Bright also said Americans “deserve the truth” about the federal response to the health crisis and asked that scientists be allowed to speak “without fear of retribution.”

“We need to be truthful with the American people. Americans deserve the truth,” he said. “The truth must be based on science. We have the world’s greatest scientists. Let us lead.”

Bright filed a whistle-blower complaint concerning his removal from BARDA and said it occurred after he resisted Trump administration efforts to make potentially harmful drugs — including chloroquine, which was promoted early in the crisis by Trump — widely available as a coronavirus treatment.

He said the HHS was dismissive of his “dire predictions” about the potential impact of an outbreak and was unwilling to act on his recommendation that the United States ramp up production of face masks, respirators and other critical supplies.

Trump attacked Bright on Twitter, calling him “not liked or respected” and labeling him a “disgruntled employee.”

The HHS issued a statement saying Bright “has not yet shown up for work, but continues to collect his $285,010 salary, while using his taxpayer-funded medical leave to work with partisan attorneys who are politicizing the response to COVID-19.”

Thursday’s hearing began with a moment of silence to honor more than 80,000 Americans who have died since the start of the health crisis. Subcommittee Chairwoman Anna Eshoo, D-Calif., called the administration’s response “inept, ineffective and extremely late.”

“We are the greatest country on earth and yet we have the most cases and the most deaths from COVID-19 of any nation in the world,” Eshoo said.

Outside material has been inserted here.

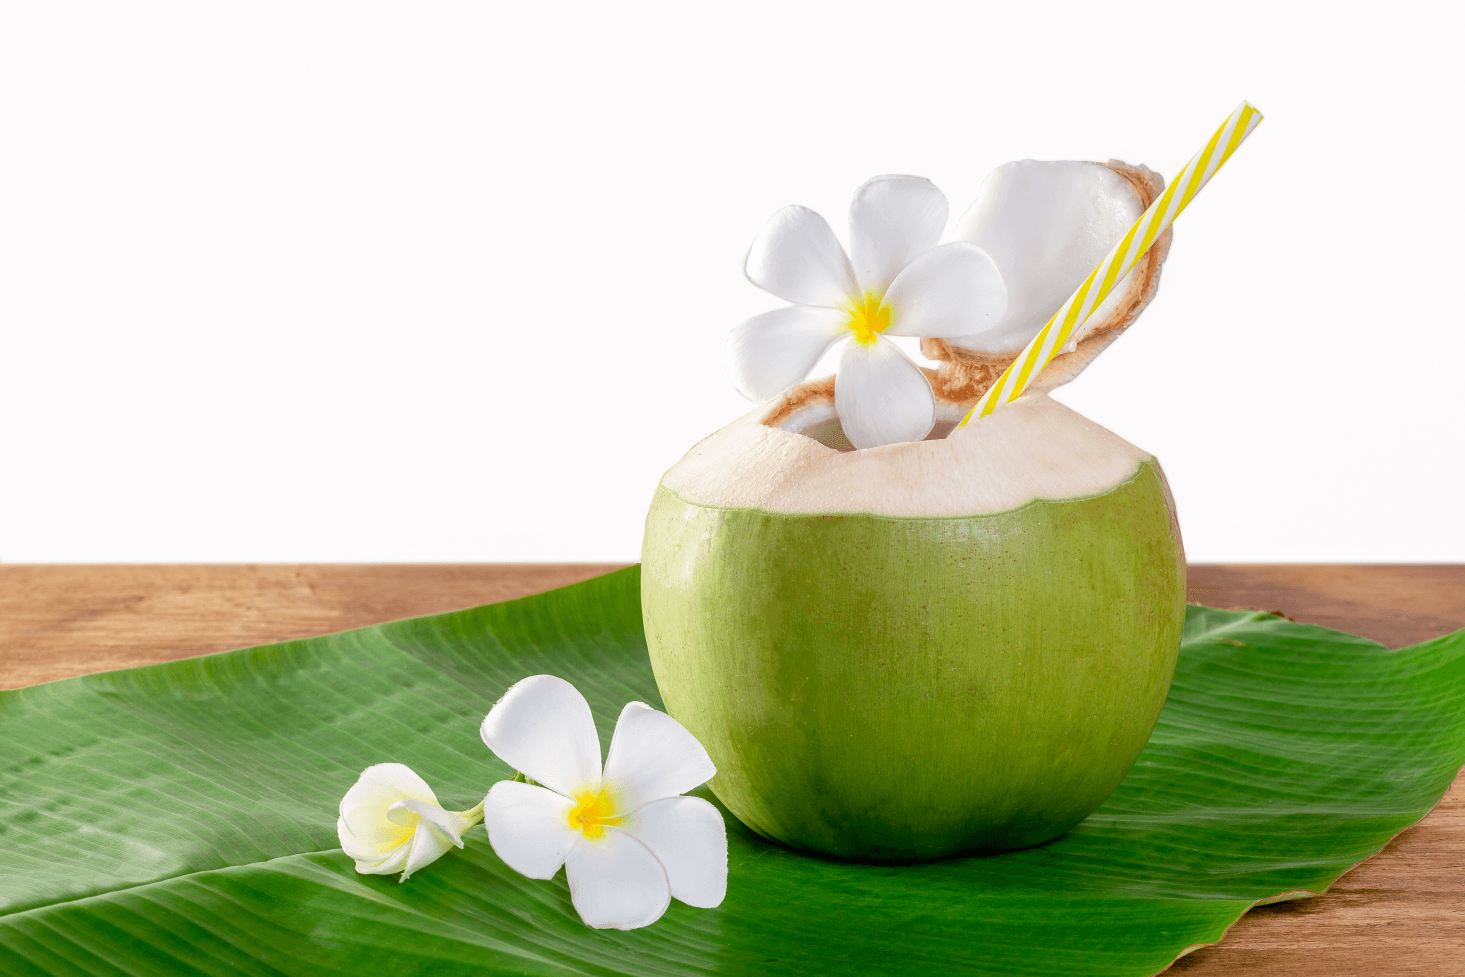 नारियल पानी के 12 स्वास्थ्य लाभ और पोषण संबंधी तथ्य

Eshoo said Bright’s whistle-blower report is one of the “most specific” and “troubling” she’s ever seen.

“We can’t have a system where the government fires those who get it right and reward those who get it completely wrong,” she said.

Bright said the federal government still needs to assemble a comprehensive strategy that encompasses nationwide contact tracing, increased testing and a vaccine.

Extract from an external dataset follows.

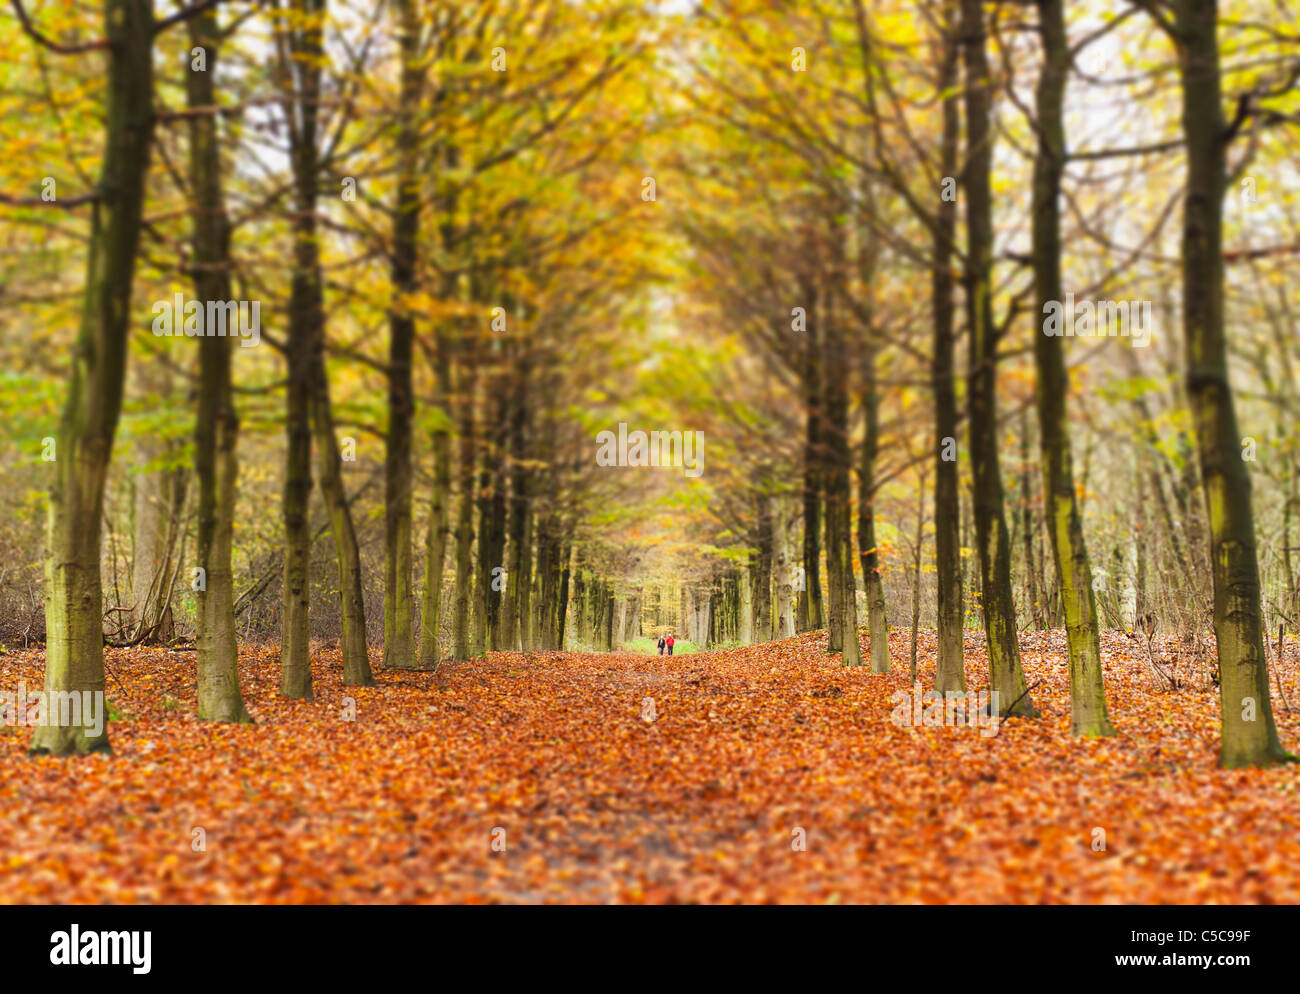 Allée d'arbres en automne ; Amsterdam, Pays-Bas Banque D'Images

“With proper leadership and collaboration across government, with the best science leading the way, we can devise a comprehensive strategy,” he said. “We can devise a plan that includes all Americans and help them help us guide us through this pandemic.”

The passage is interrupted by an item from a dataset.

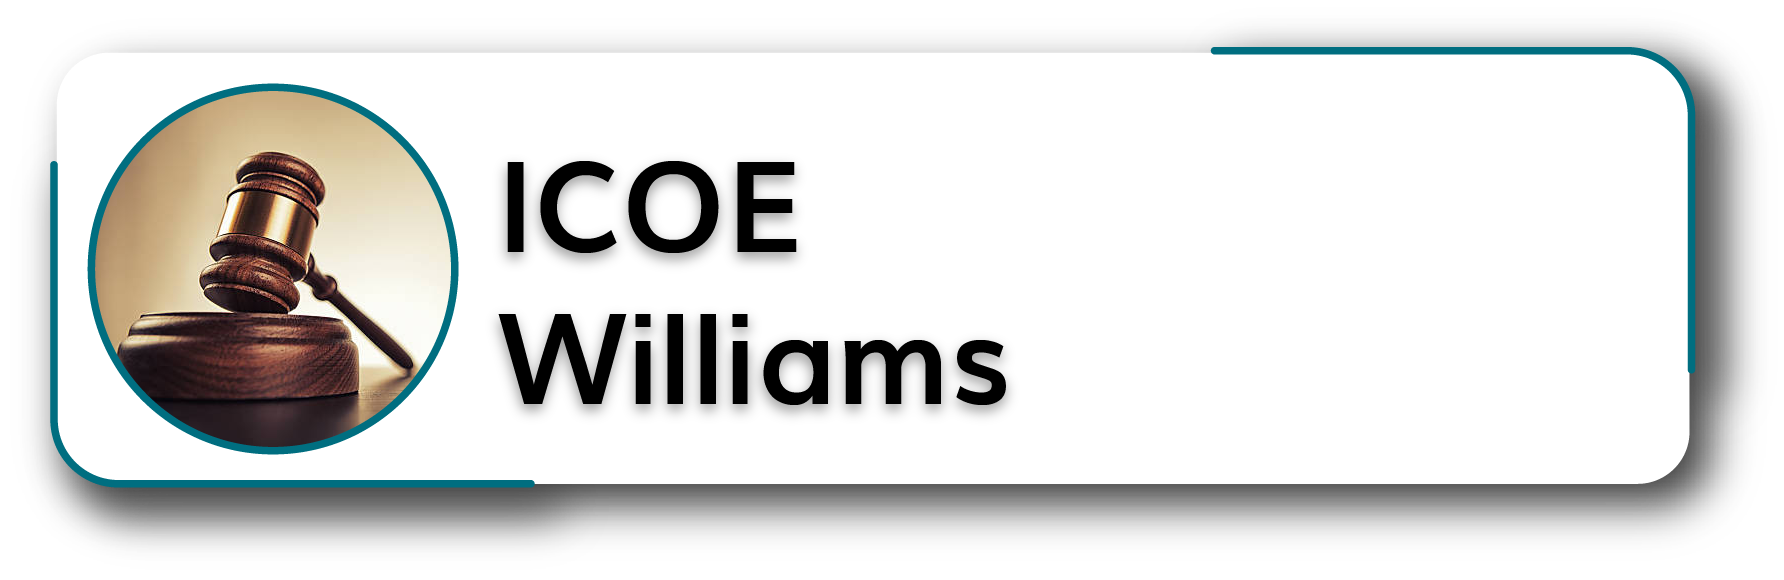 ICOE Williams Button

Michael Bowen, executive vice president of surgical mask manufacturer Prestige Ameritech, also testified on Thursday that in 2004, major domestic mask sellers in the United States switched from selling domestically made masks to selling masks imported from foreign nations.

Bowen said Prestige Ameritech identified this shift as a national security risk in 2006.

Under questioning from Eshoo, Bowen said he has increased his production of masks from 75,000 a month to 2 million a month after HHS accepted his offer to produce masks in response to the pandemic and will double that production to 4 million per month within about 40 days.

He added he had the capacity to produce an additional 7 million N95 respirators per month but said this level of production would require at least three to four months and 100 additional workers.

Bowen said he feared that hiring that many employees without at least a one-year contract from the U.S. government could lead to a similar situation that the company faced during the H1N1 outbreak during which he increased hiring to meet government needs but had to lay off 150 people after the government no longer purchased from the company.

“America has a weakness for low prices,” he said.

In his testimony, Bowen also said that Bright and previous BARDA directors, Robin Robinson and Richard Hatchett, were helpful and encouraged him to “continue warning people about the mask supply.”

He also confirmed that he sent emails to Bright included in his whistle-blower complaint warning of a shortage of masks amid the coronavirus pandemic.